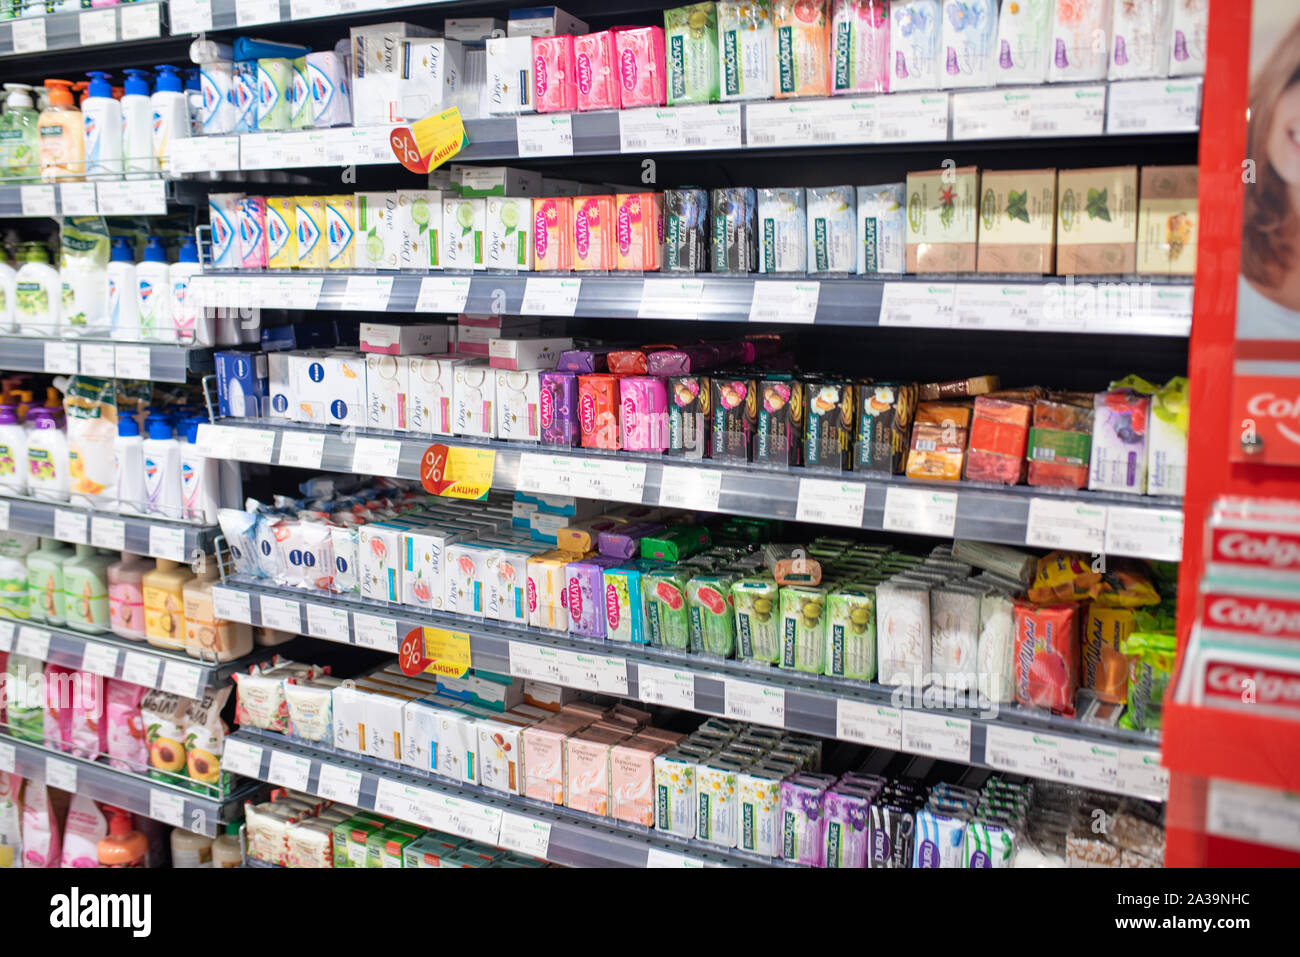 Minsk, Belarus - September 27, 2019: Counter with various soaps in a supermarket. Stock Photo
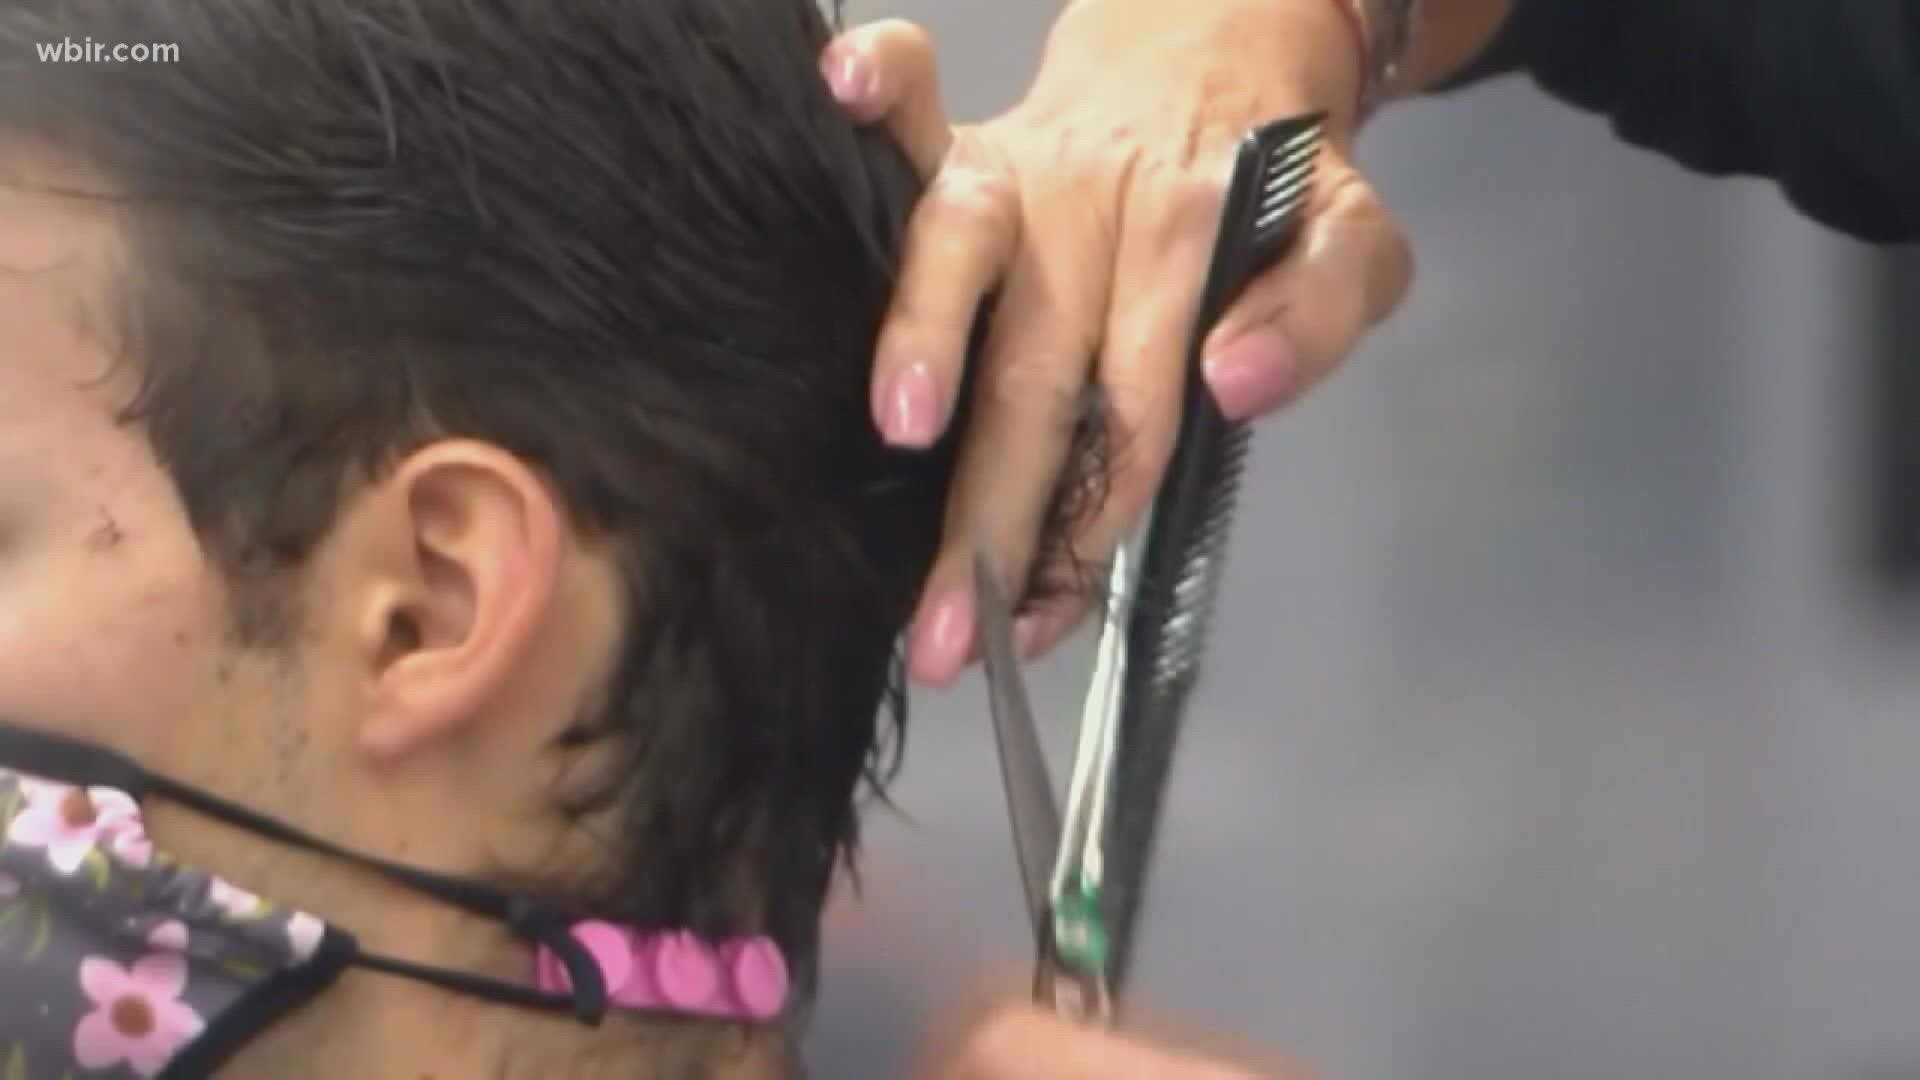 A state law is requiring hairstylists to take training on how to identify domestic abuse and connect people with resources. However, they are not mandatory reporters
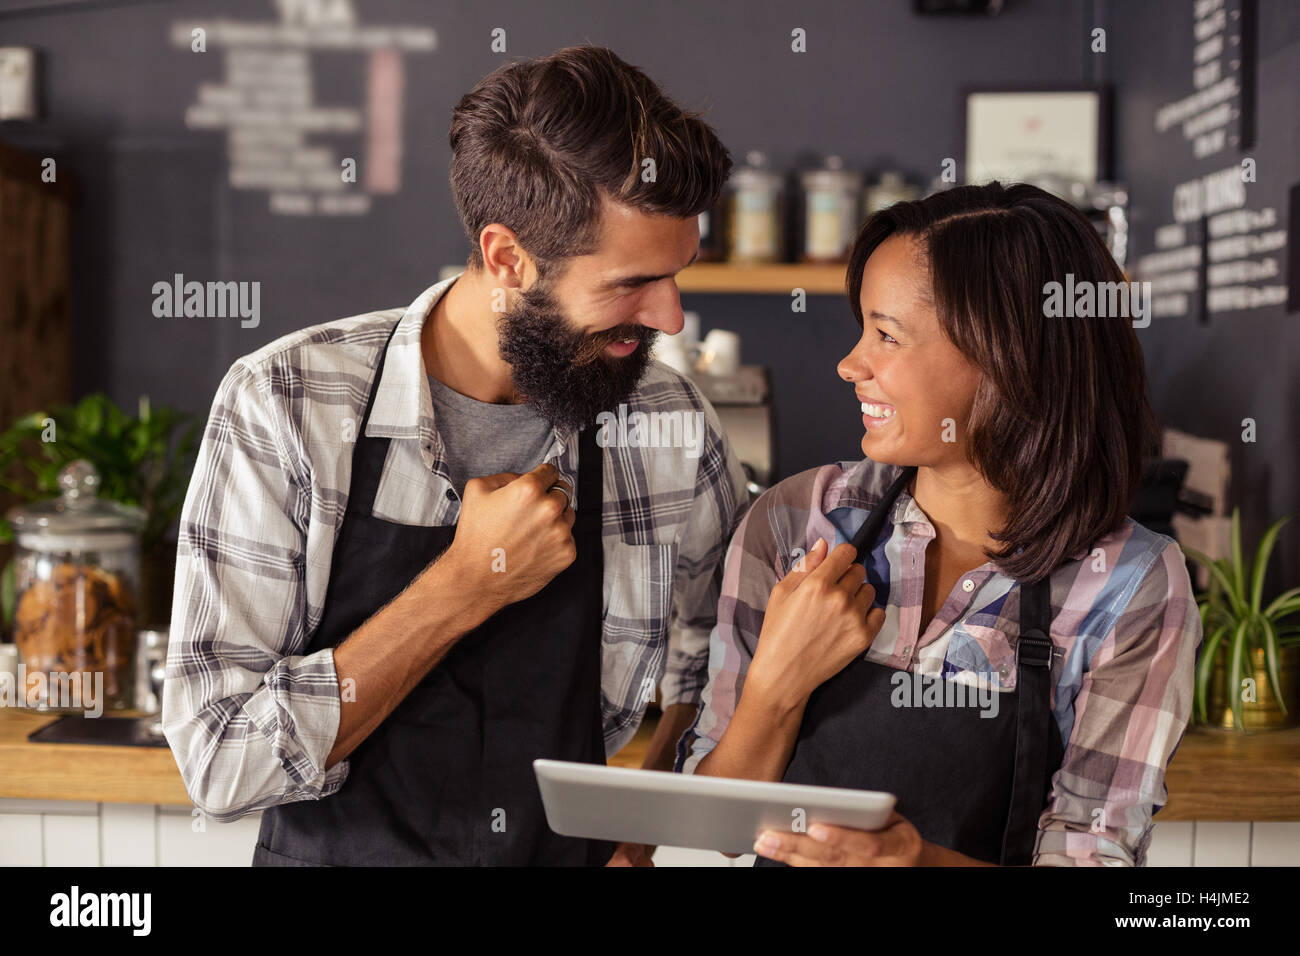 Smiling waiter and waitress interacting while using digital tablet Stock Photo
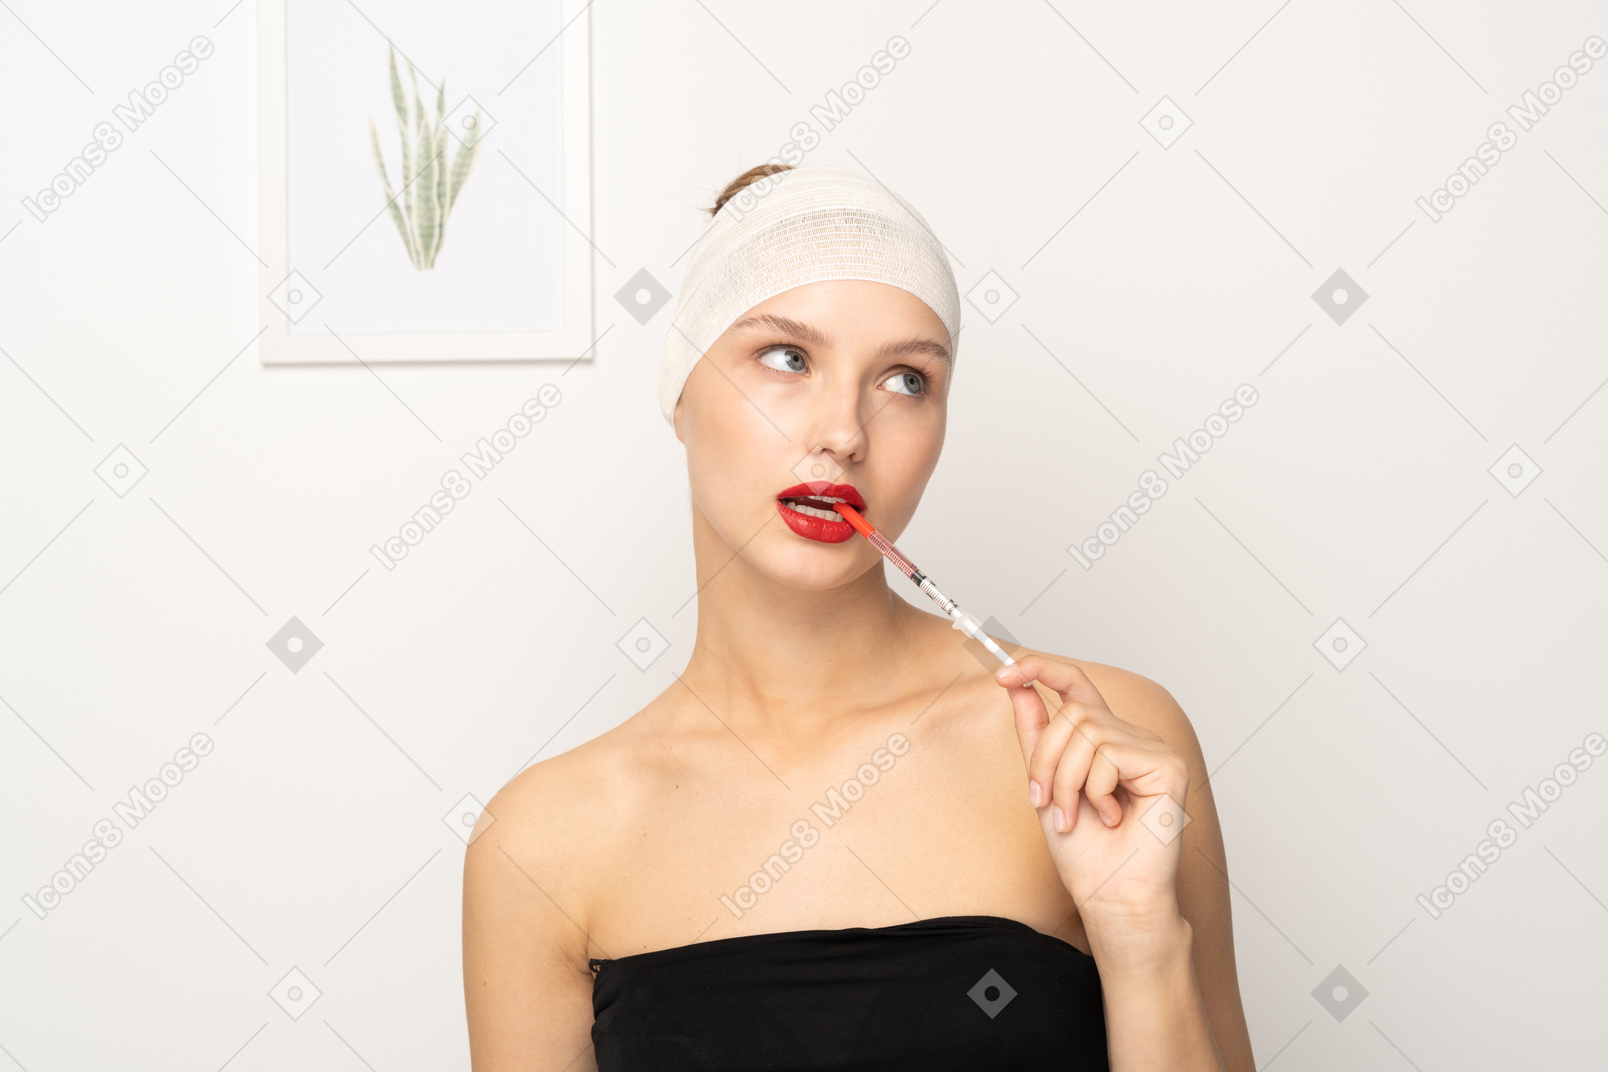 Portrait of a young woman sticking syringe into her mouth

## What you have to do
Exactly the lines from the one with "Smiling waiter and" through the end of the listing above are to be repeated, with no pictures.

## Finished exercise
 Smiling waiter and waitress interacting while using digital tablet Stock Photo
 Portrait of a young woman sticking syringe into her mouth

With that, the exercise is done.